### Supplied information
= Beginning of Section =
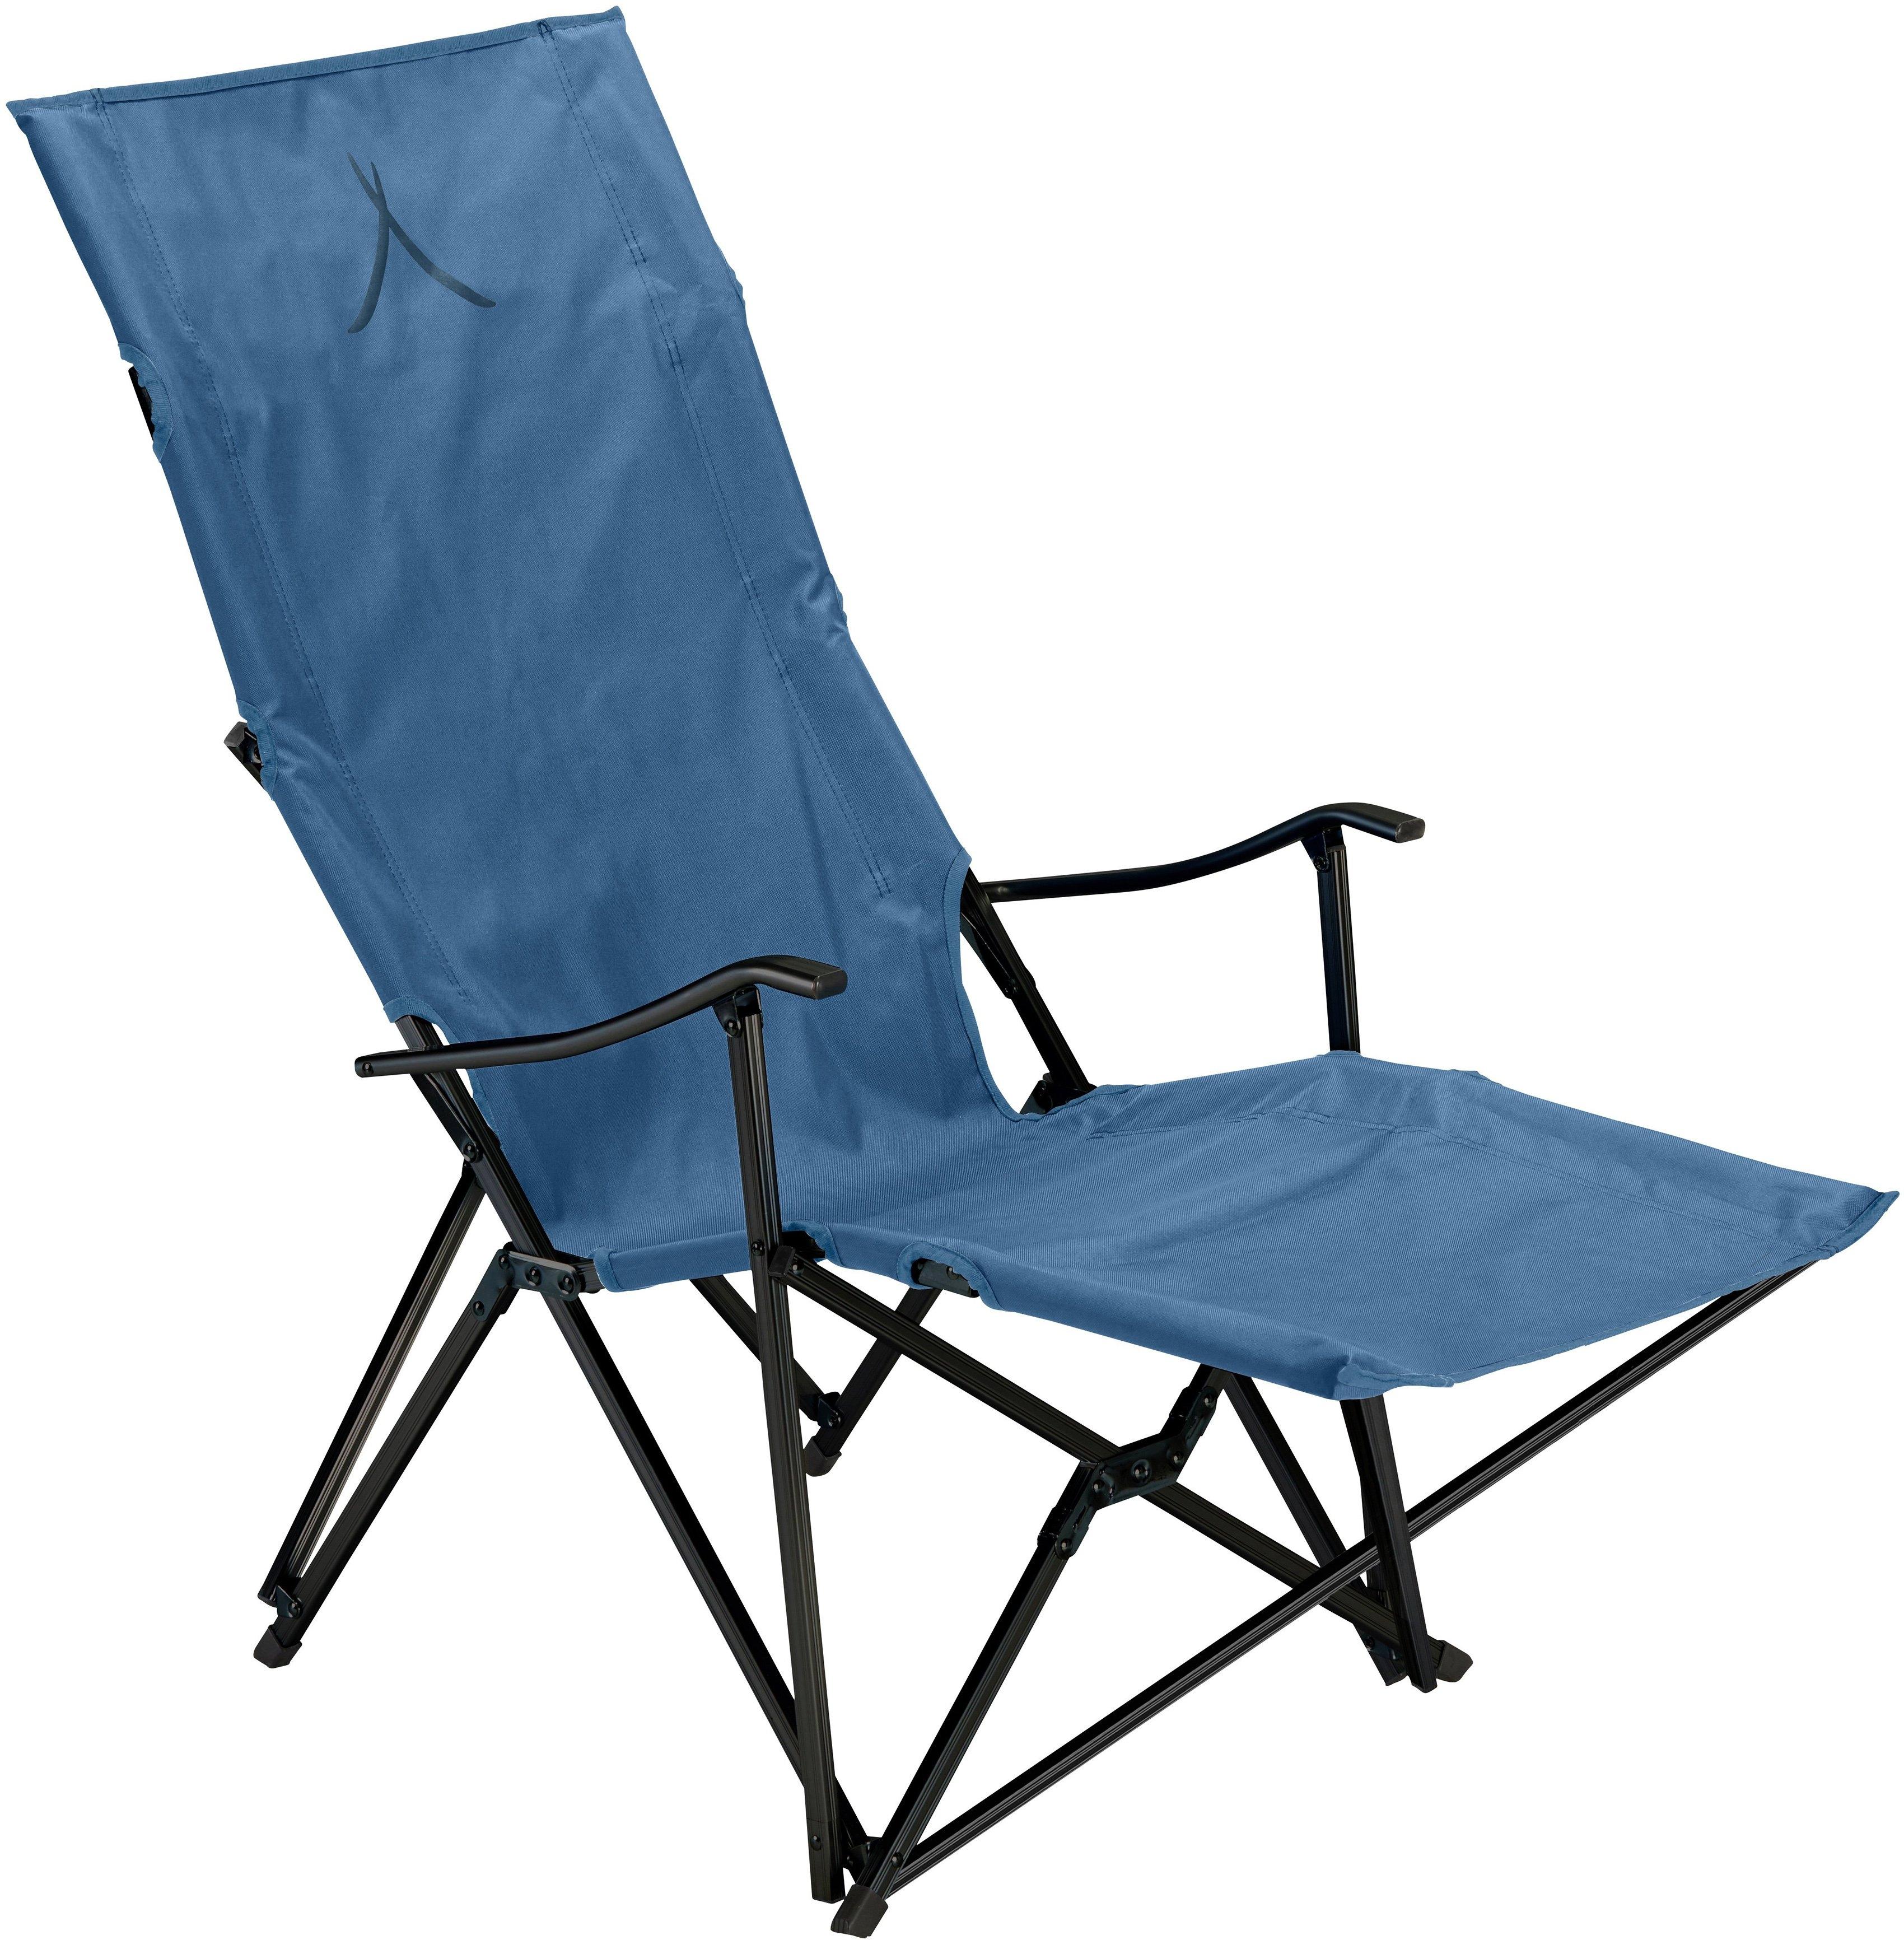 GRAND CANYON campingstoel EL TOVAR LOUNGER (1 stuk) online kopen op otto.nl
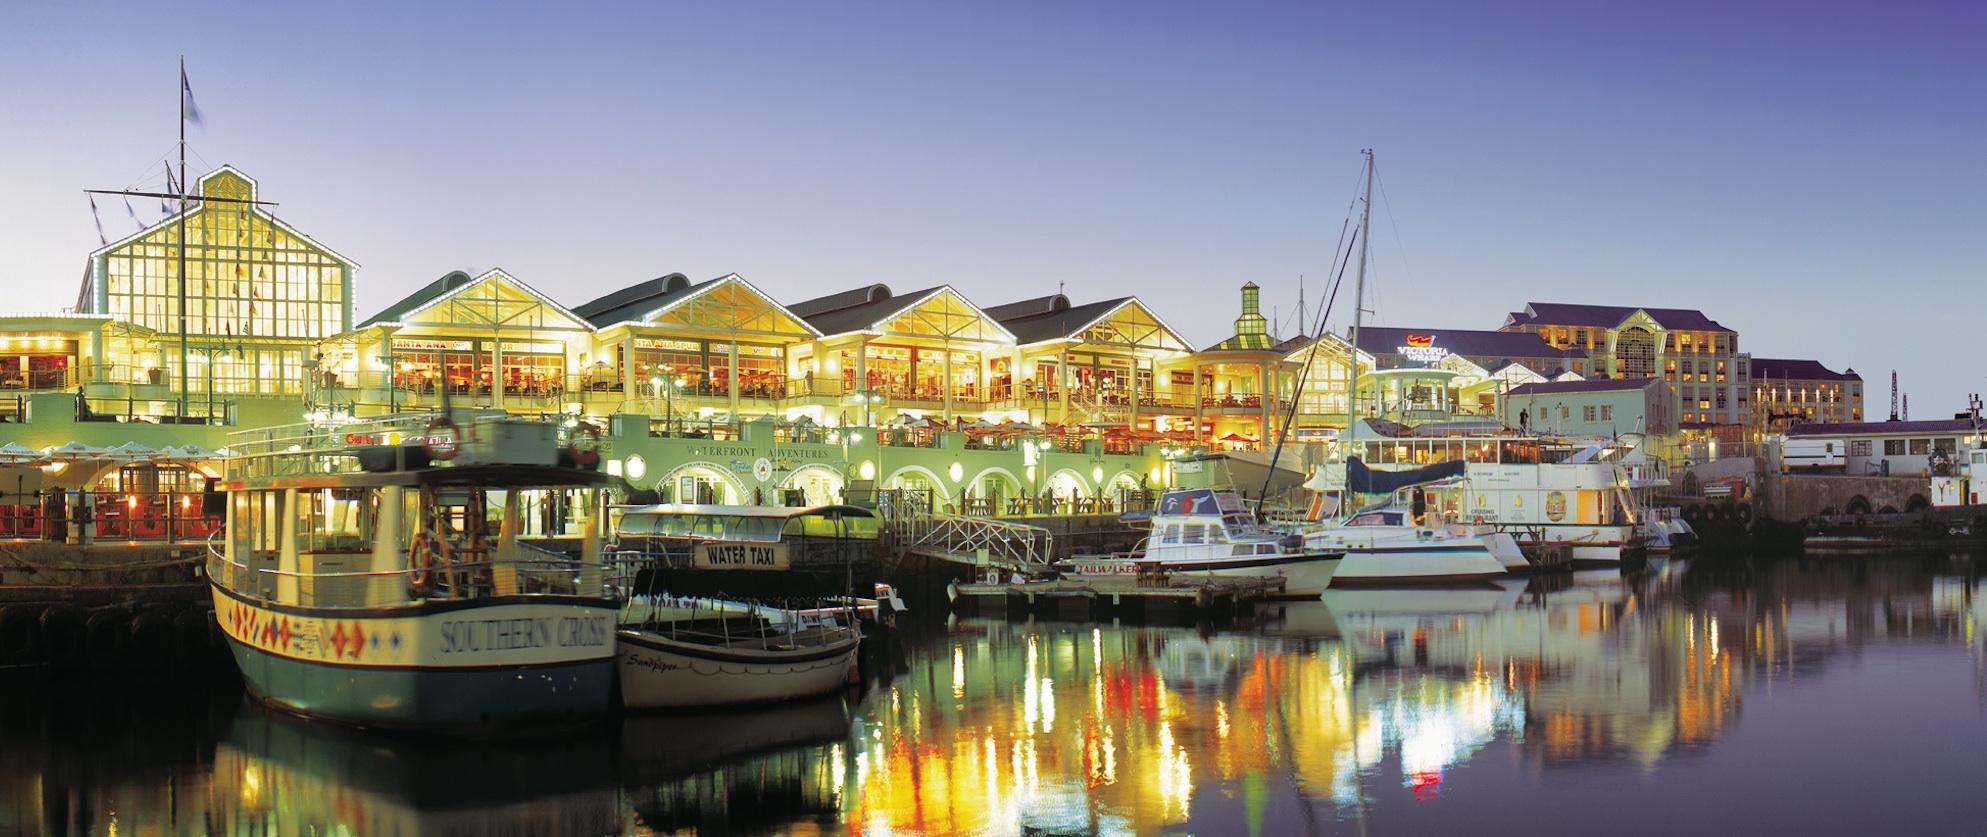 Best of South Africa - City, Safari, Winelands
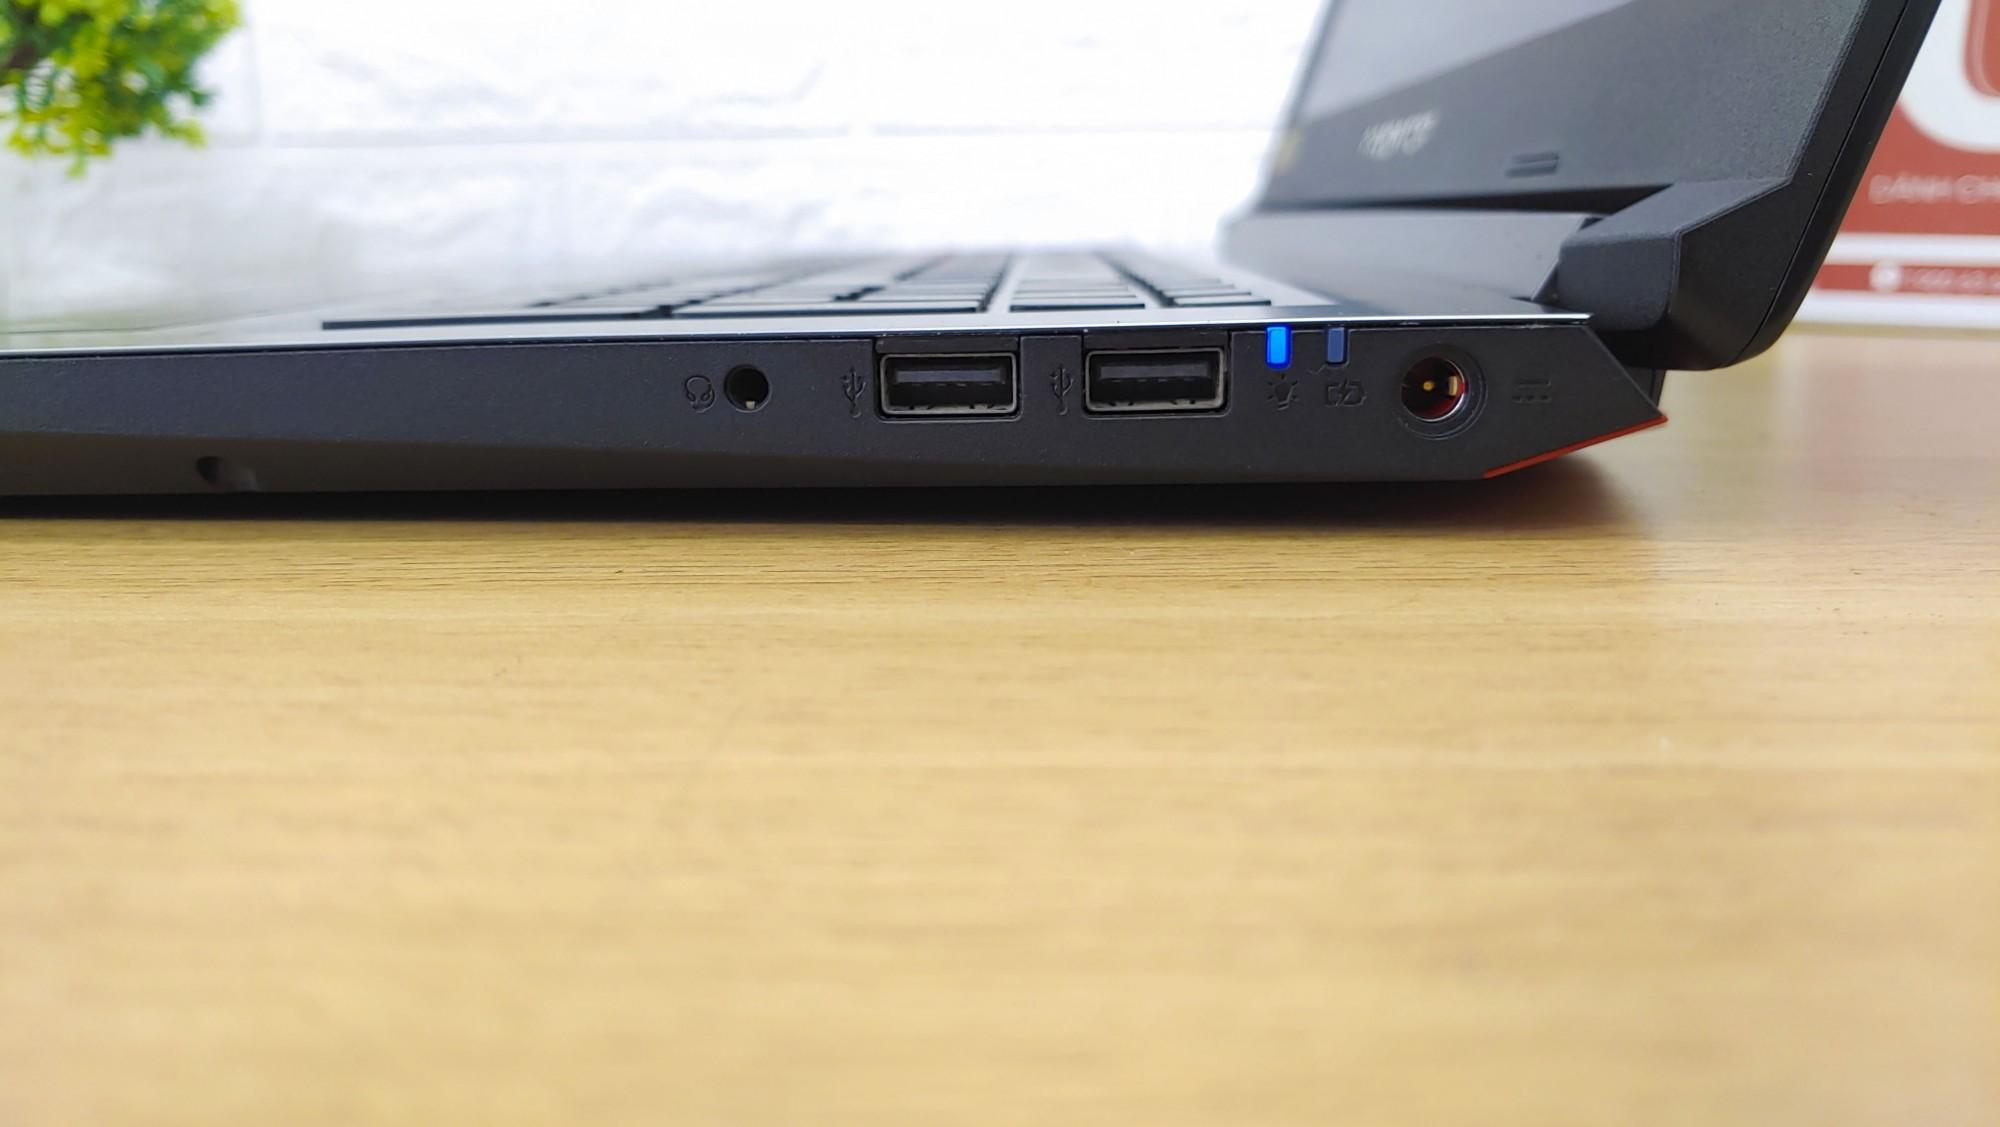 Acer Predator G3-572
= End of Section =
The expected answer is the listing above, duplicated exactly, with its pictures removed.

### Finished exercise
 GRAND CANYON campingstoel EL TOVAR LOUNGER (1 stuk) online kopen op otto.nl
 Best of South Africa - City, Safari, Winelands
 Acer Predator G3-572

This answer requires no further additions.